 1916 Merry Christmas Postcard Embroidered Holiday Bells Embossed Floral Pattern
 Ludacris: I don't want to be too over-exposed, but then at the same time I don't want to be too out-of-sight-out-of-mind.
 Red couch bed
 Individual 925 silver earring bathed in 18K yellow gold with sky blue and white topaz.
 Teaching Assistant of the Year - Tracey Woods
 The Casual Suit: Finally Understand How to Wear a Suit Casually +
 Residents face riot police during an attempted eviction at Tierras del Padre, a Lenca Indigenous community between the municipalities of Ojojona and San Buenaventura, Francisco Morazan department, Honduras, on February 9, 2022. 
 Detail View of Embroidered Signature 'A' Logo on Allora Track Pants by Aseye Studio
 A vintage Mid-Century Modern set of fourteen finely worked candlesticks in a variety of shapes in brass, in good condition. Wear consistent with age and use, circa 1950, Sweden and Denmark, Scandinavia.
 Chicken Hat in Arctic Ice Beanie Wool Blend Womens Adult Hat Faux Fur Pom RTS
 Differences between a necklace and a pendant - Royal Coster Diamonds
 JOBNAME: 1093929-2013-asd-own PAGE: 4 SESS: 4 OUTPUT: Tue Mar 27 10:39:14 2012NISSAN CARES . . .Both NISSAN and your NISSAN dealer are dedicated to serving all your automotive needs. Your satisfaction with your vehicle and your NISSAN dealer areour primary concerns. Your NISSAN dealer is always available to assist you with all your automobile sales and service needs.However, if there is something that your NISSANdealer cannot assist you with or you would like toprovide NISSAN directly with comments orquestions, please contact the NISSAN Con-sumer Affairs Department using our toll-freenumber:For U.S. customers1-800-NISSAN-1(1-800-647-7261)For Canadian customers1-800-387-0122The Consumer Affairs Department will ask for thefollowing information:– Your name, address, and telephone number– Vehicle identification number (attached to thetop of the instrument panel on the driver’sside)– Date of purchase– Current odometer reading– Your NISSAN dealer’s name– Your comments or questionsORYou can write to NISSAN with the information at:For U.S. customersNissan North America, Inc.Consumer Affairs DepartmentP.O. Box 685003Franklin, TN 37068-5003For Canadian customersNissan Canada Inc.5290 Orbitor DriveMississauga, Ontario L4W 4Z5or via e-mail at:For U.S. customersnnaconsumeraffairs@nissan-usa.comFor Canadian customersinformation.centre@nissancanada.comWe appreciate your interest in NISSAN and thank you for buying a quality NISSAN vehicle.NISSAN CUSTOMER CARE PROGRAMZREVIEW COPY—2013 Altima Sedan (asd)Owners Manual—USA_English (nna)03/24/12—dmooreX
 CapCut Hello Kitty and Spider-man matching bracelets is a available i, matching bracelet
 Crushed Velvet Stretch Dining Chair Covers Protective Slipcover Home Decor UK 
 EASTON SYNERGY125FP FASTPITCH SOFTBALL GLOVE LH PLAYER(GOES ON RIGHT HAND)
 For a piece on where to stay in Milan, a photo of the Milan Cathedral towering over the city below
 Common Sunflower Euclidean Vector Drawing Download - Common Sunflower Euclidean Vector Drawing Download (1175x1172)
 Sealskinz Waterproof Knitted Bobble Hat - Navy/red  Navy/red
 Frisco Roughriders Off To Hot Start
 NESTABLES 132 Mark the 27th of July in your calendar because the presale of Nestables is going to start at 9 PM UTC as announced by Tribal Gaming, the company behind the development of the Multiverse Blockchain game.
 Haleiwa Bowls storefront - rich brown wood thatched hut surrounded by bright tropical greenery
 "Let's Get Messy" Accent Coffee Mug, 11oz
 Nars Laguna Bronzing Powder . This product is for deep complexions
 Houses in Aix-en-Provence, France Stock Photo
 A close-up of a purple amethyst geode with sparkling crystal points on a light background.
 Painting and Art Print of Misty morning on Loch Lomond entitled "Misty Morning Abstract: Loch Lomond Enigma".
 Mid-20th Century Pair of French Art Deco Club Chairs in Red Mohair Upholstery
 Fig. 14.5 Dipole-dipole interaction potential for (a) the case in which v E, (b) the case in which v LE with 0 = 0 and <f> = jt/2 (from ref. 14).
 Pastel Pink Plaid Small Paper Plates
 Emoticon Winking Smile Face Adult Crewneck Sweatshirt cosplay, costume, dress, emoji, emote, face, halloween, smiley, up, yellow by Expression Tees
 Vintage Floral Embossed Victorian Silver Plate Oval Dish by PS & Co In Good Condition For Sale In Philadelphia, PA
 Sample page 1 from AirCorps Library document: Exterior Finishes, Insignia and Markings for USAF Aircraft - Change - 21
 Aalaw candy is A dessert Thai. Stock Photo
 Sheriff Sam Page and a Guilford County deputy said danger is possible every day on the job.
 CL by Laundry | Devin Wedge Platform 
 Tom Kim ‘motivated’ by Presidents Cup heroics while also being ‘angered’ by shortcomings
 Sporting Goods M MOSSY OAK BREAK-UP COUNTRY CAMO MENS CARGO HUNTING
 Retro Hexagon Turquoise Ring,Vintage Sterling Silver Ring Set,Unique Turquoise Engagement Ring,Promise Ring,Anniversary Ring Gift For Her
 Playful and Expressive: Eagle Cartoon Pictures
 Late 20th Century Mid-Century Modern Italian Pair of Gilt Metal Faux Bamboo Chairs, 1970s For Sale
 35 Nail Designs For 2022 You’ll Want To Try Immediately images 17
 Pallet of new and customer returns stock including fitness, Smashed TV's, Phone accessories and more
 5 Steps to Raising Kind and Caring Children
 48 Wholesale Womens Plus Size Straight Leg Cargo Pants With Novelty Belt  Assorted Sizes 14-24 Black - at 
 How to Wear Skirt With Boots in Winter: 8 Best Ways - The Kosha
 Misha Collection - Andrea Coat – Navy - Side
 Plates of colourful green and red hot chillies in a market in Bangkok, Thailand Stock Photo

● ● ● ● ● ● ●

-- Exercise brief --
Across the entries above, how many lines include the word "Wear"? Give only the number.

-- Written solution --
3